Germany's Chancellor Angela Merkel, who has been reluctant to enlarge funds set aside for potential rescues of euro zone economies, agreed Monday to support a €200 billion ($265 billion) increase of the main financial firewall.

Merkel told reporters in Berlin that the European Stability Mechanism, or ESM, the region's permanent bailout mechanism, should be capped at €500 billion.

However, she said the €200 billion in loans the temporary European Financial Stability Facility, or EFSF, already extended to peripheral euro zone countries could run in parallel with the ESM, Bloomberg News reported.

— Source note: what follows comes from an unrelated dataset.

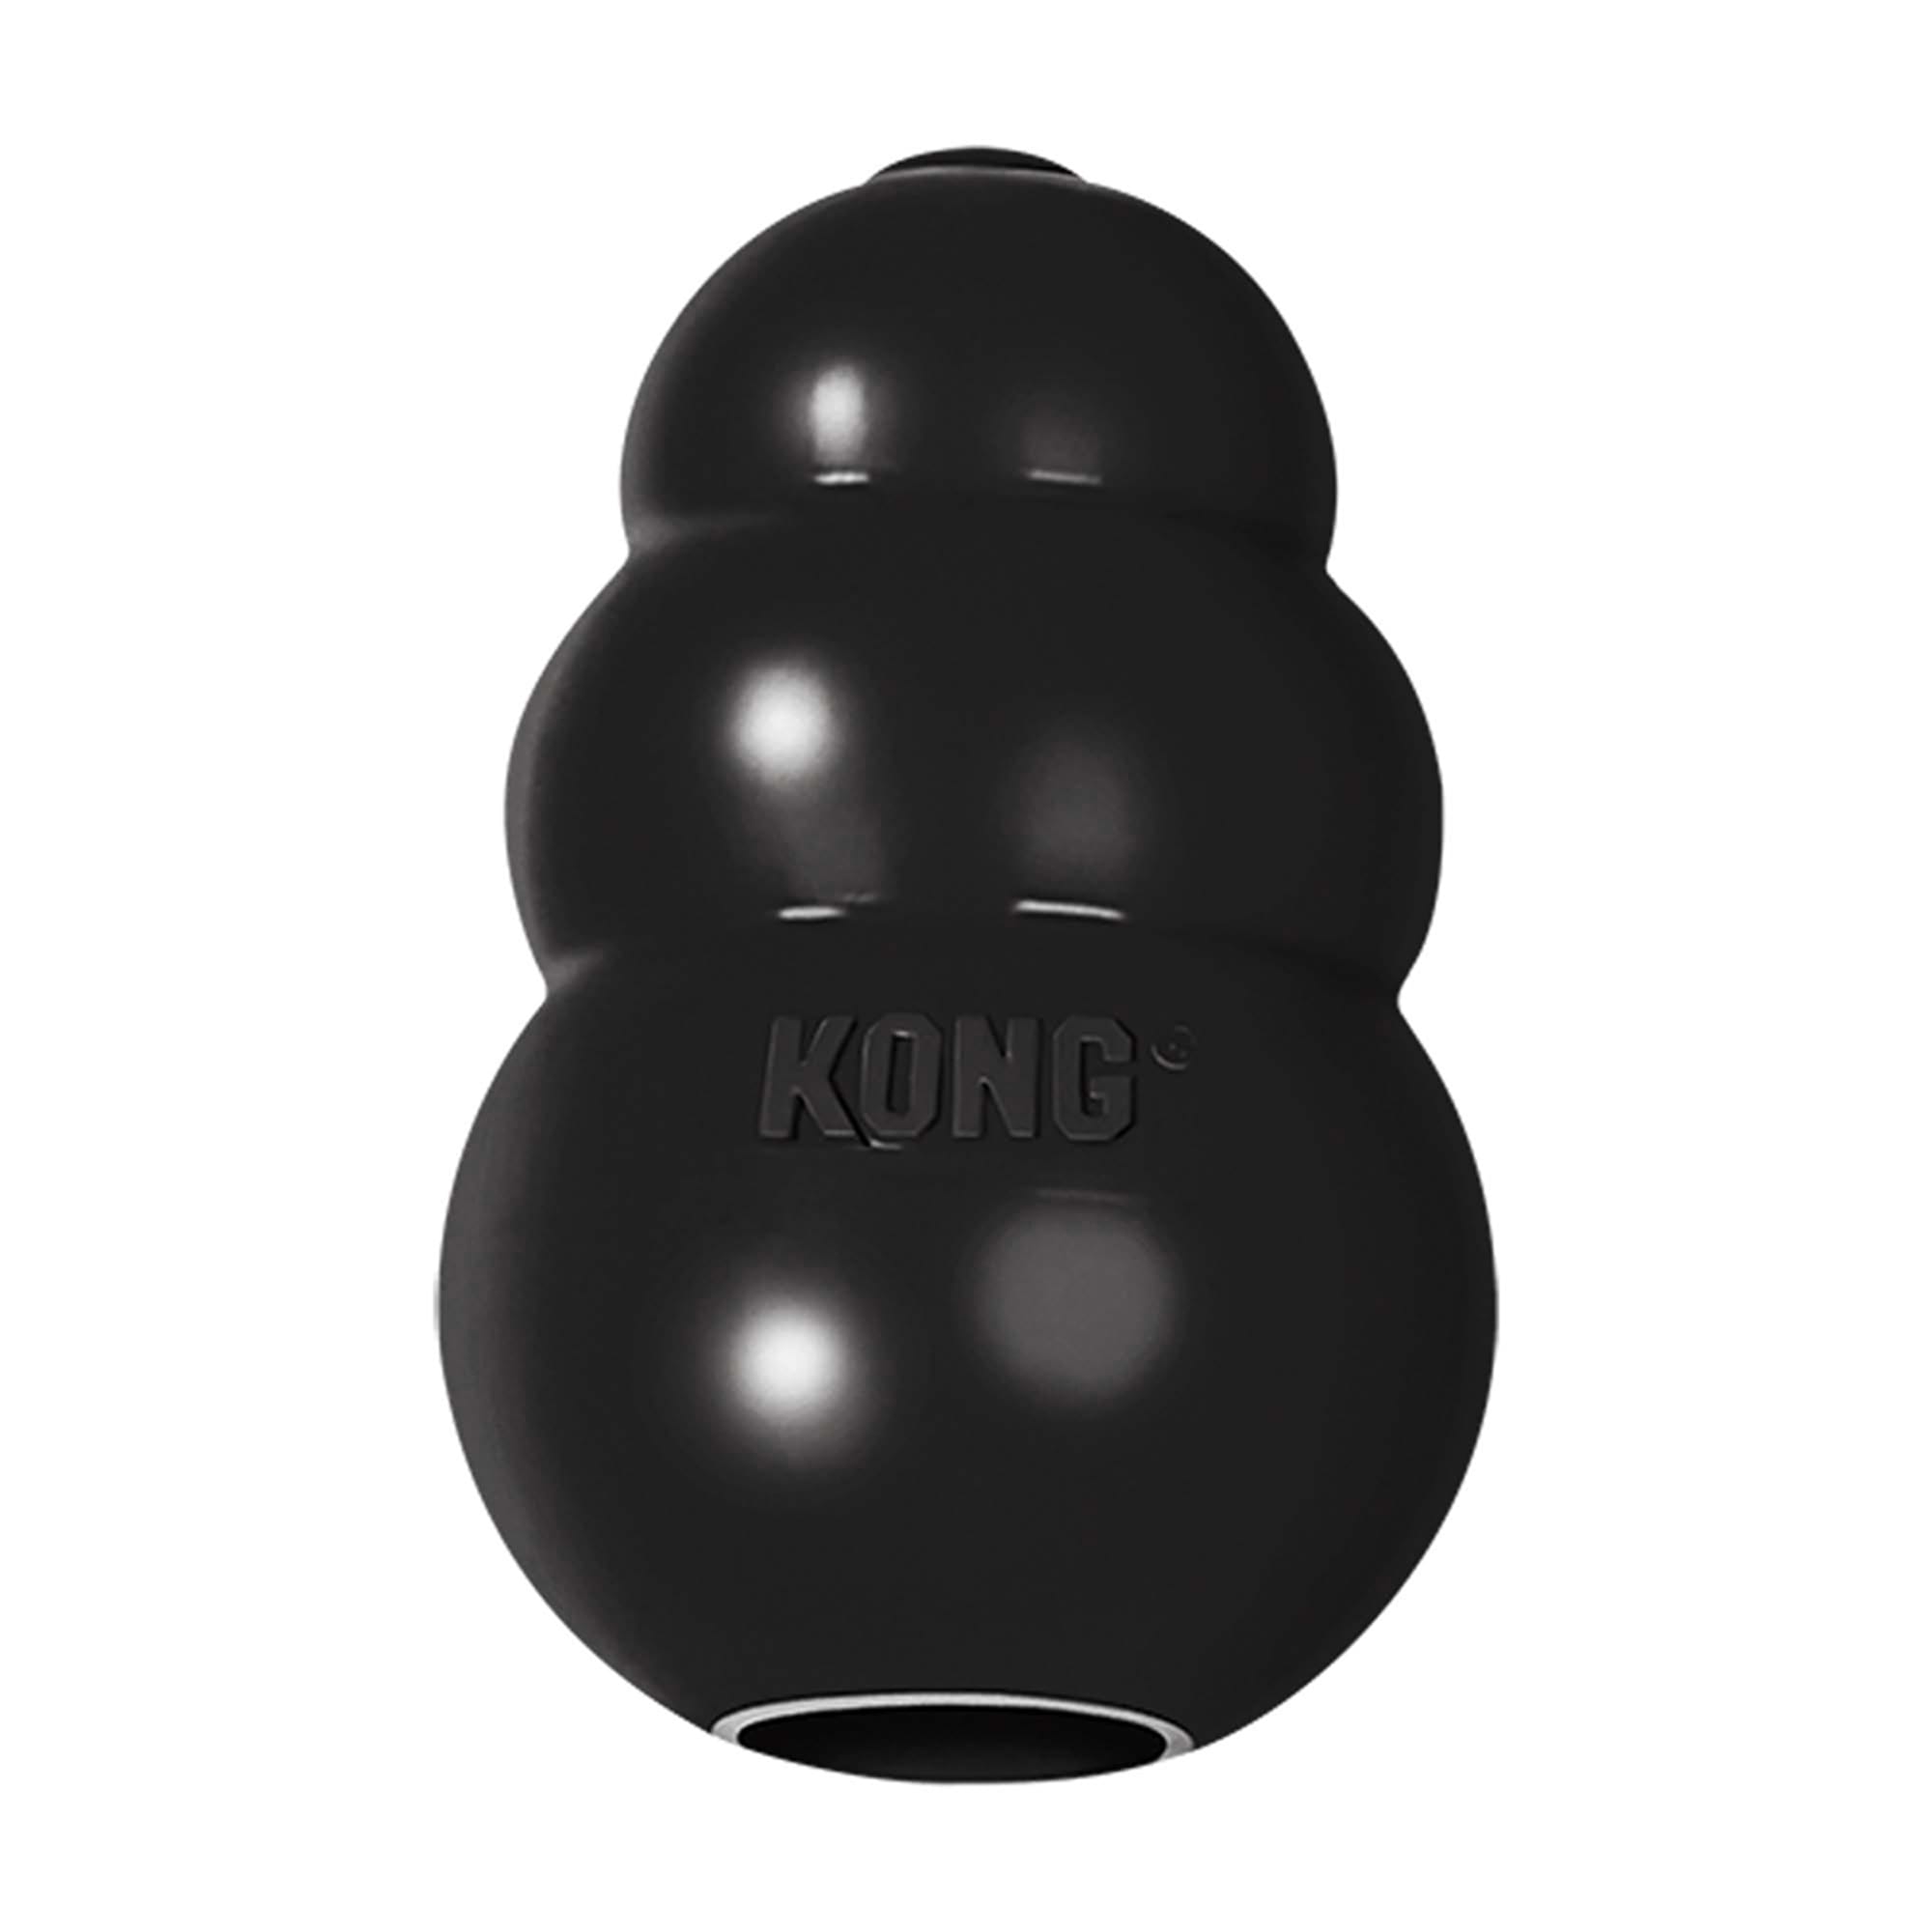 KONG Extreme Dog Toy, Large, Black

Merkel said this arrangement, which gives the two funds the combined firepower of €700 billion, could last for several years, according to Agence France-Presse.

Previously, Germany's stance was that the EFSF should be replaced by the ESM, which would have only €500 billion at its disposal.

Merkel acquiesced after growing pressure from nearly all other euro zone states, the International Monetary Fund, the European Central bank and the European Union's European Commission, according to German magazine Der Spiegel. The United States also had pressured Merkel to support an expanded firewall.

One reason Merkel cited for backing the euro zone fund's increase is the rising yields of soevereign debt of Spain and Portugal, which indicates falling demand for those financially troubled nations' bonds.

Yields on 10-year Spanish and 10-year Portuguese bonds, which fell Monday, still trade above 5 percent and 12 percent, respectively.

European stocks were positive in afternoon trading on Monday, with the U.K. FTSE 100 Index up 0.83 percent, Germany's DAX up 1.16 percent and France's CAC 40 up 0.72 percent.